How many data fields does the Zillow property API return?

Zillapi returns 300+ fields per property lookup. These cover basic details (beds, baths, sqft, year built), valuations (Zestimate, rent Zestimate), tax records (assessed value, tax history), listing data (price, status, agent info), location data (lat/lng, county, neighborhood), school ratings, price history, and photos. You can trim the response to specific fields using the fields parameter.

What is the cheapest way to get Zillow property data through an API?

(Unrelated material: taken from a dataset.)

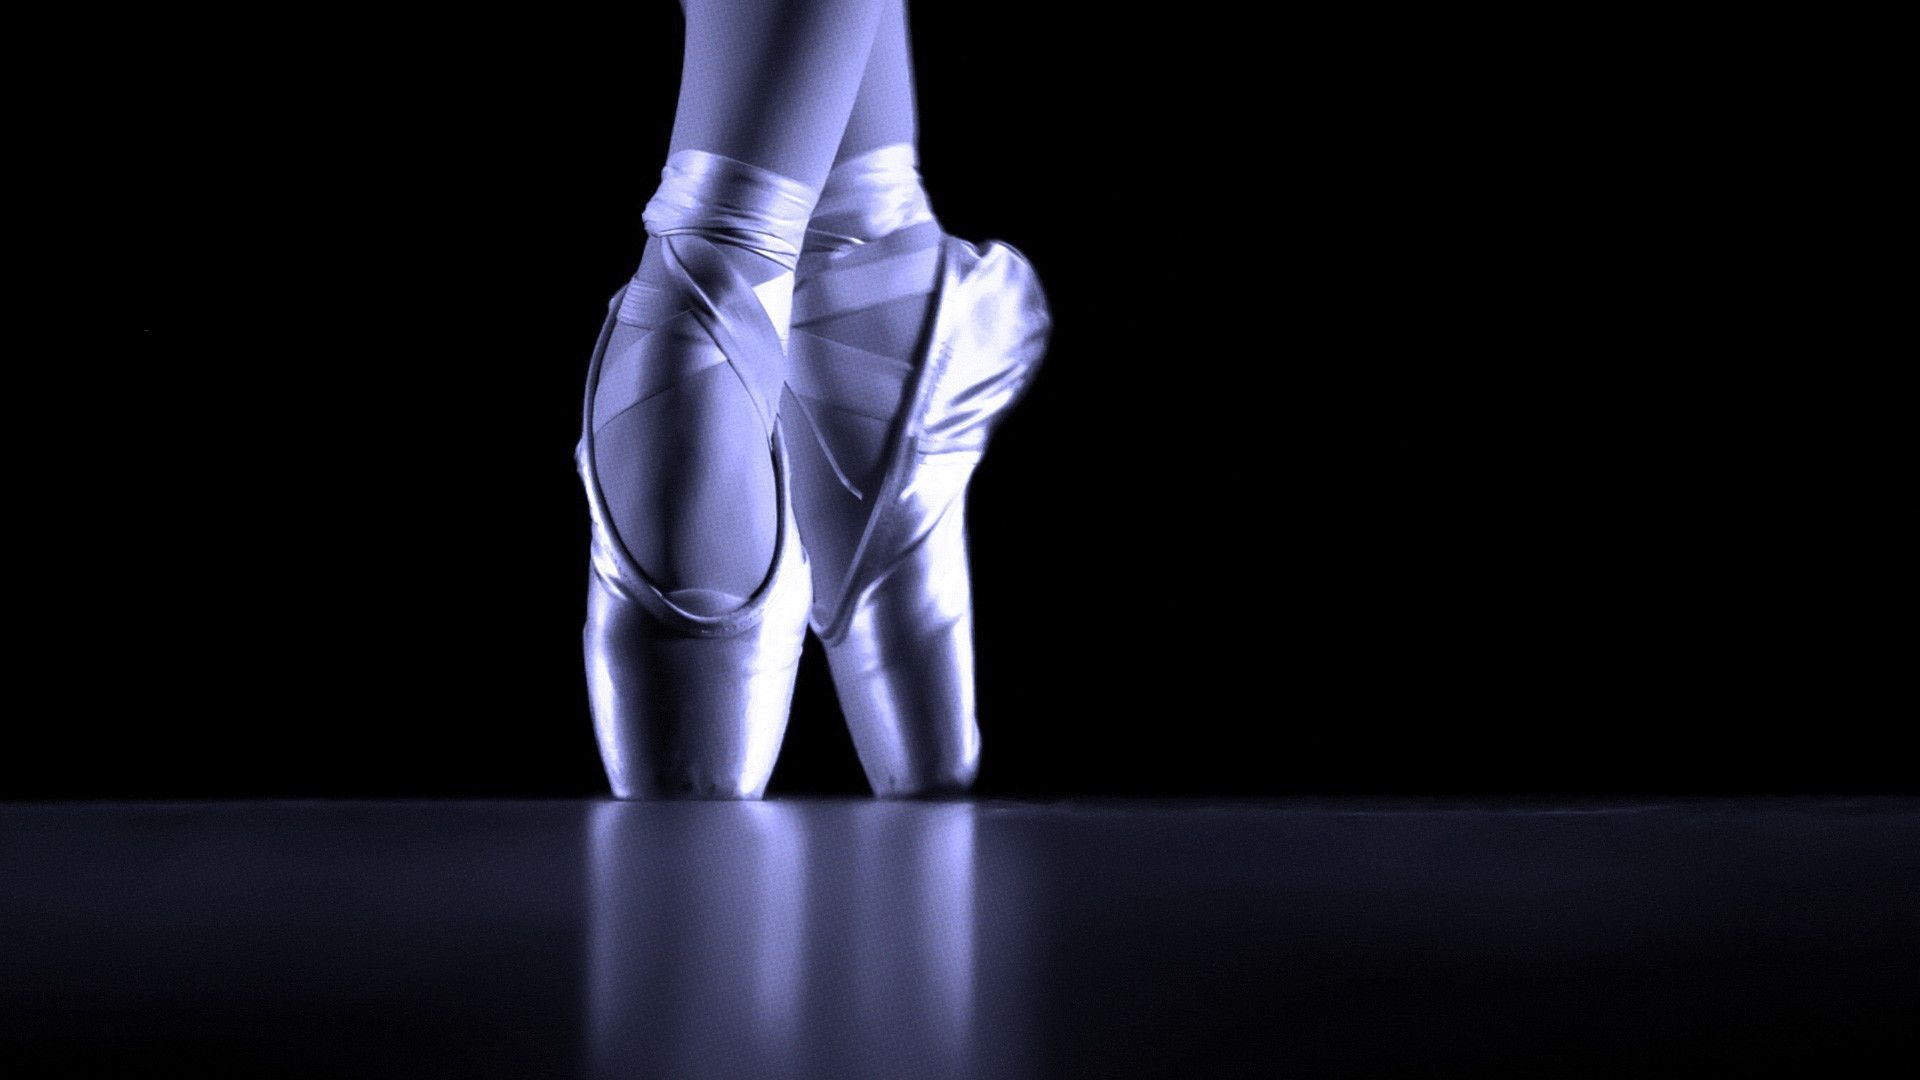 Ballet: A pointe shoe worn by dancers when performing pointe work. 1920x1080 Full HD Background.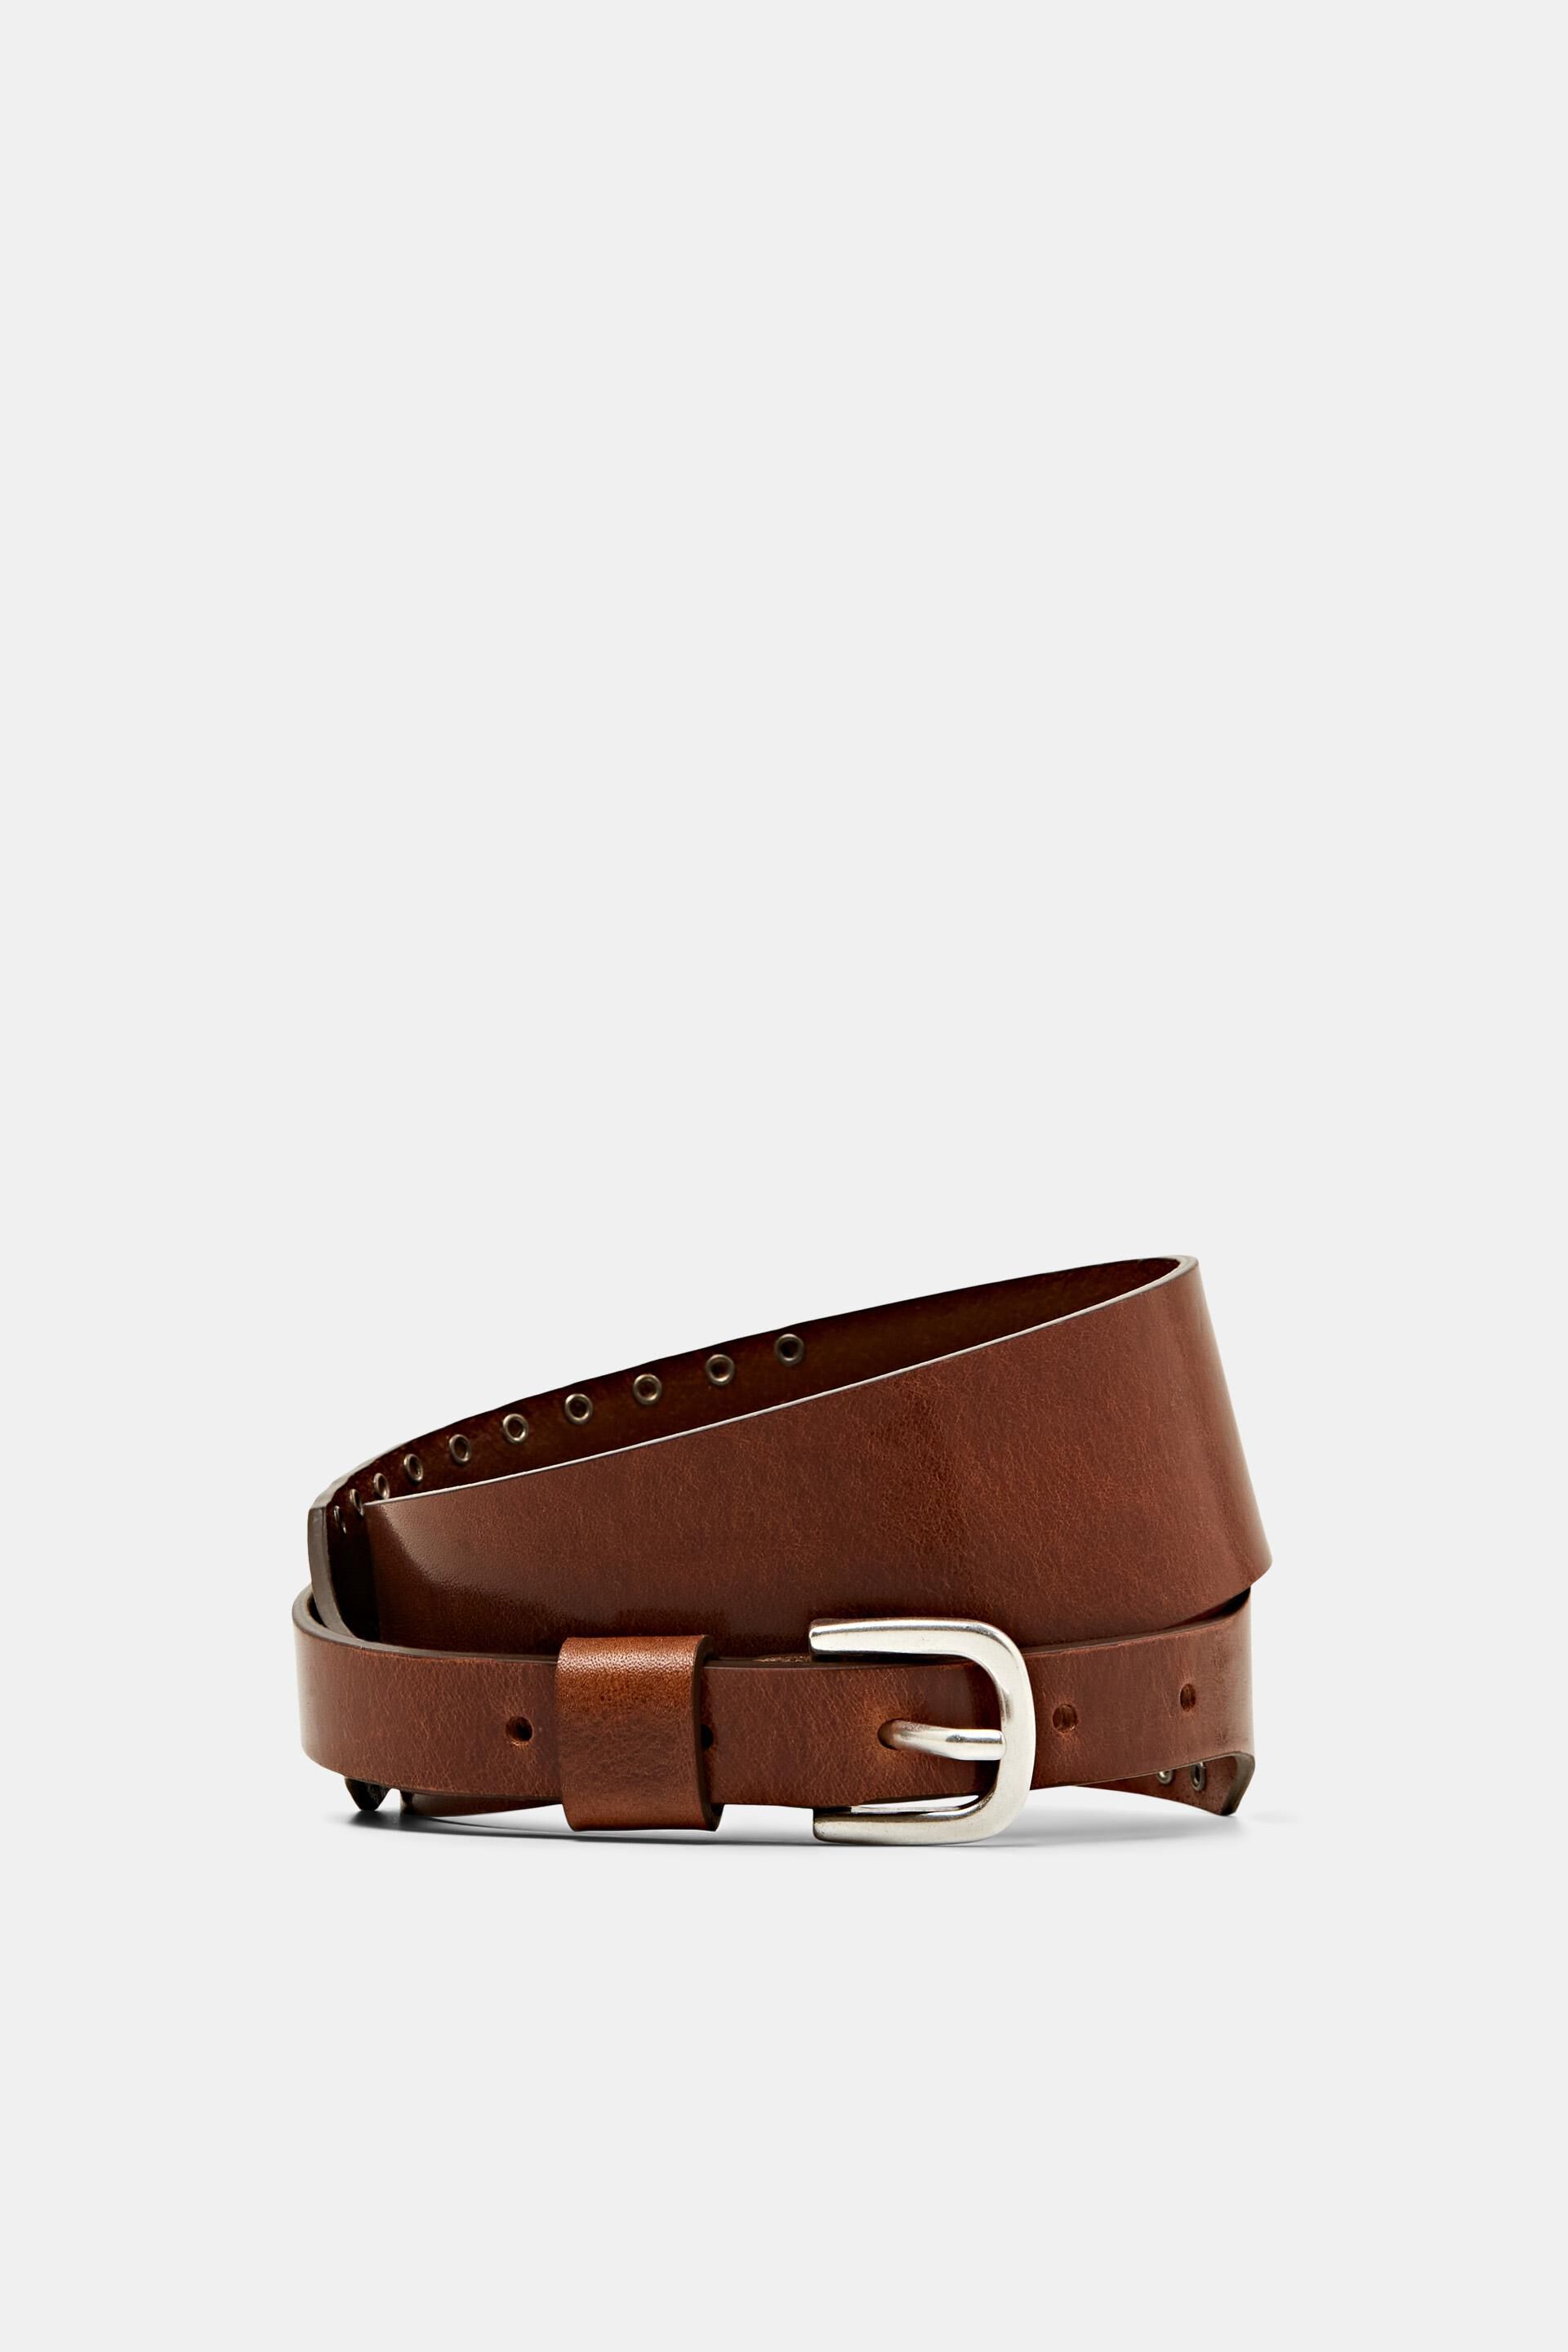 Esprit Online Store Waist belt with studs, 100% real leather

Zillapi’s annual plan costs $54 per year for 12,000 credits, which works out to $0.0045 per property lookup. Each call returns the full 300+ field response. The free tier gives you 100 credits at signup with no credit card. For comparison, ATTOM starts at $95 per month and Bridge Interactive starts around $500 per month.

Can I look up a property by address, URL, or ZPID?

Yes. Zillapi offers three lookup endpoints. The /v1/properties/by-address endpoint takes a street address string. The /v1/properties/by-url endpoint takes a Zillow.com property page URL. The /v1/properties/by-zpid endpoint takes a Zillow Property ID number. All three return the same 300+ field JSON response and cost 1 credit each.

Does the Zillow property data API include tax records?

Yes. Every property response includes taxAssessedValue (the county’s assessed value in dollars), taxAnnualAmount (yearly property tax in dollars), and a taxHistory array with year-by-year assessment and tax payment records. This data comes from county assessor records and updates annually when new assessments are filed.

Can I get property photos through the API?

Yes. The property response includes an images array with URLs to every photo from the listing. These are the same photos you see on the Zillow.com property page. The array includes interior shots, exterior shots, and aerial views when available. Photo count varies by property, typically 10 to 40 images for listed properties.